Blake slipped a hand around Kelly’s waist and cupped her bum.
            John felt his chest tighten. “Alright. Over the line, kid.”
            Finally, Blake reached into the car’s passenger seat and pulled out an eighteen-inch salmon, which looked to be fresh from the nearby harbour. He held the fish by its tail and grinned, performing a few bicep curls. Then he presented it to Kelly with both hands in a mock bow.
            “What the hell?” John Morgan spun away from the window and fell to the floor like a sack of dirty laundry. When he heard the front door open and shut, he stumbled to his feet and snuck back out of the attic, beating the dust from of his slacks. When he’d reached the head of the house’s main staircase, he spotted Kelly at the door. She was taking off her knee-high boots. The salmon was no longer in her hands.
She glanced up and caught him furrowing his brow. “God, Dad.
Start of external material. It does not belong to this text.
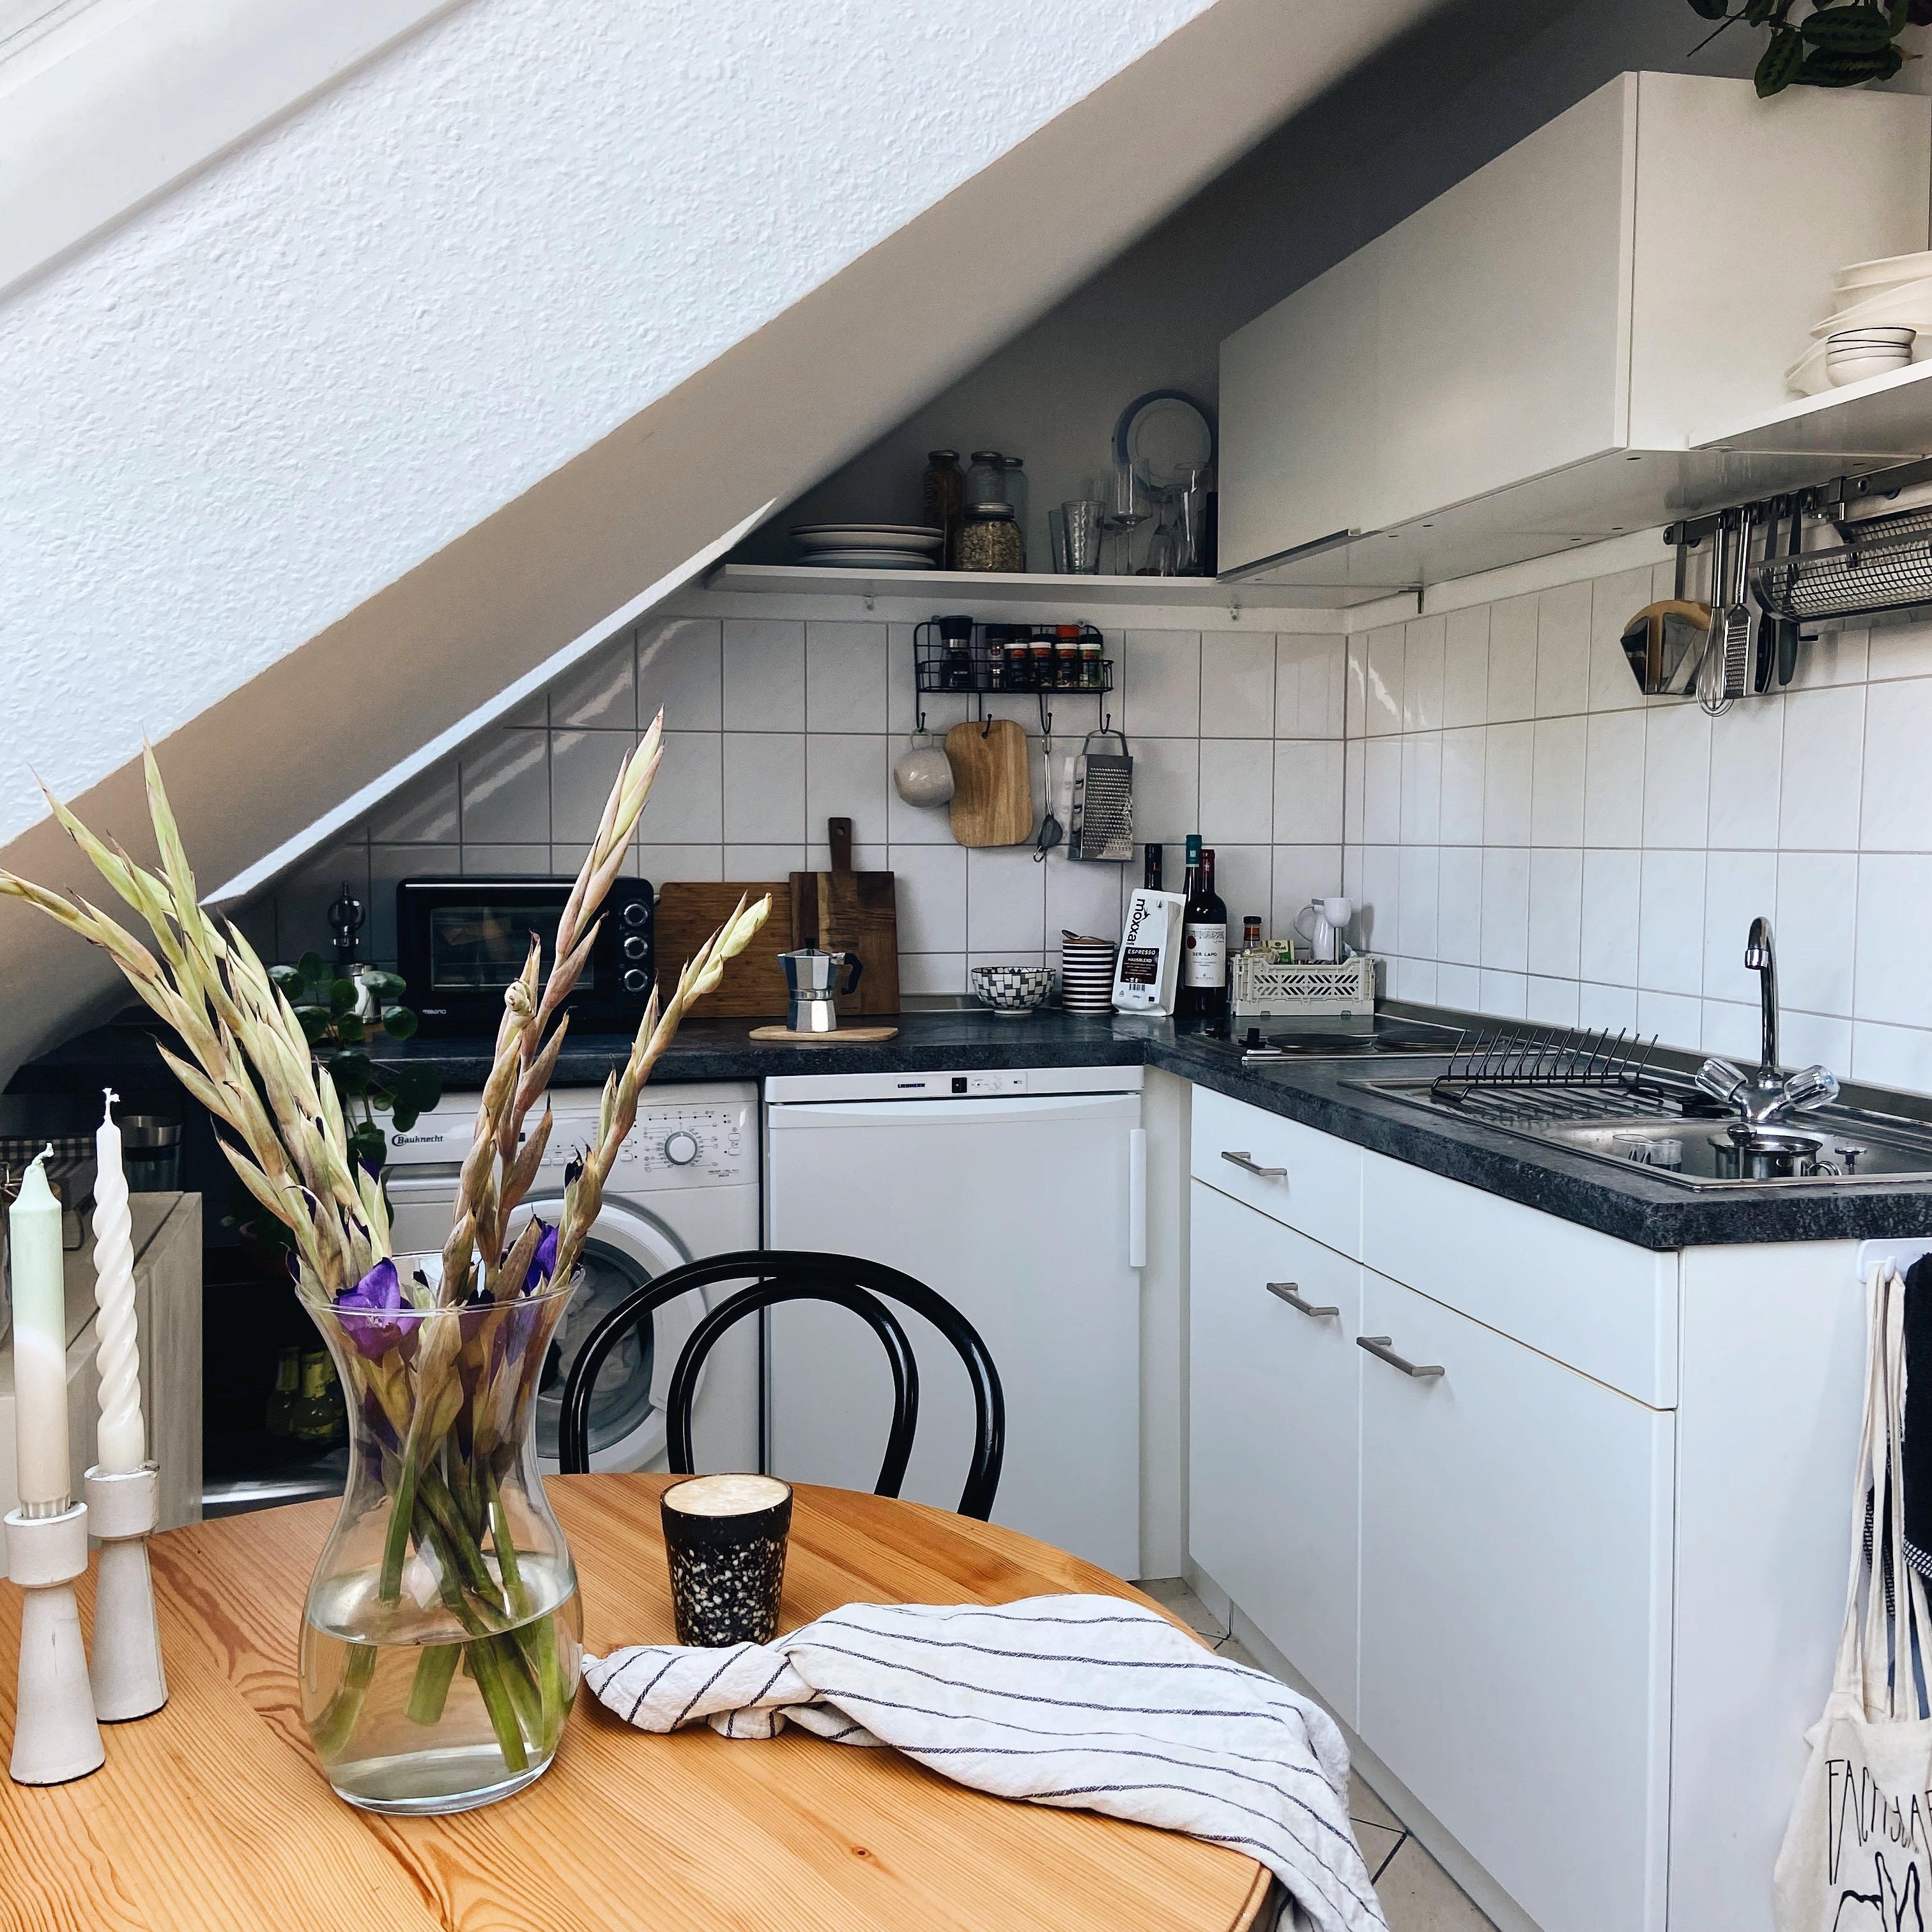 Kleines #küchenupdate denn wir haben die Arbeitsplatte (Profimässig 😂) foliert ☺️ 
#küchenliebe #gladiolen #kitchen

It’s before nine-thirty, you know.” She checked her watch. “By a long shot.”
            John shook the gloom from his face and snorted. “No no no, I’m not mad. I was just trying to remember where I left something.”
When Kelly had moved out of sight, John stalked down the stairs and made for the kitchen. When he got there, he threw open the freezer’s stainless steel door and searched inside. There was no smell of fish in the house, only the simulated, flowery scent of Glade plug-ins.
            “What’re you looking for?” Kelly said from behind him.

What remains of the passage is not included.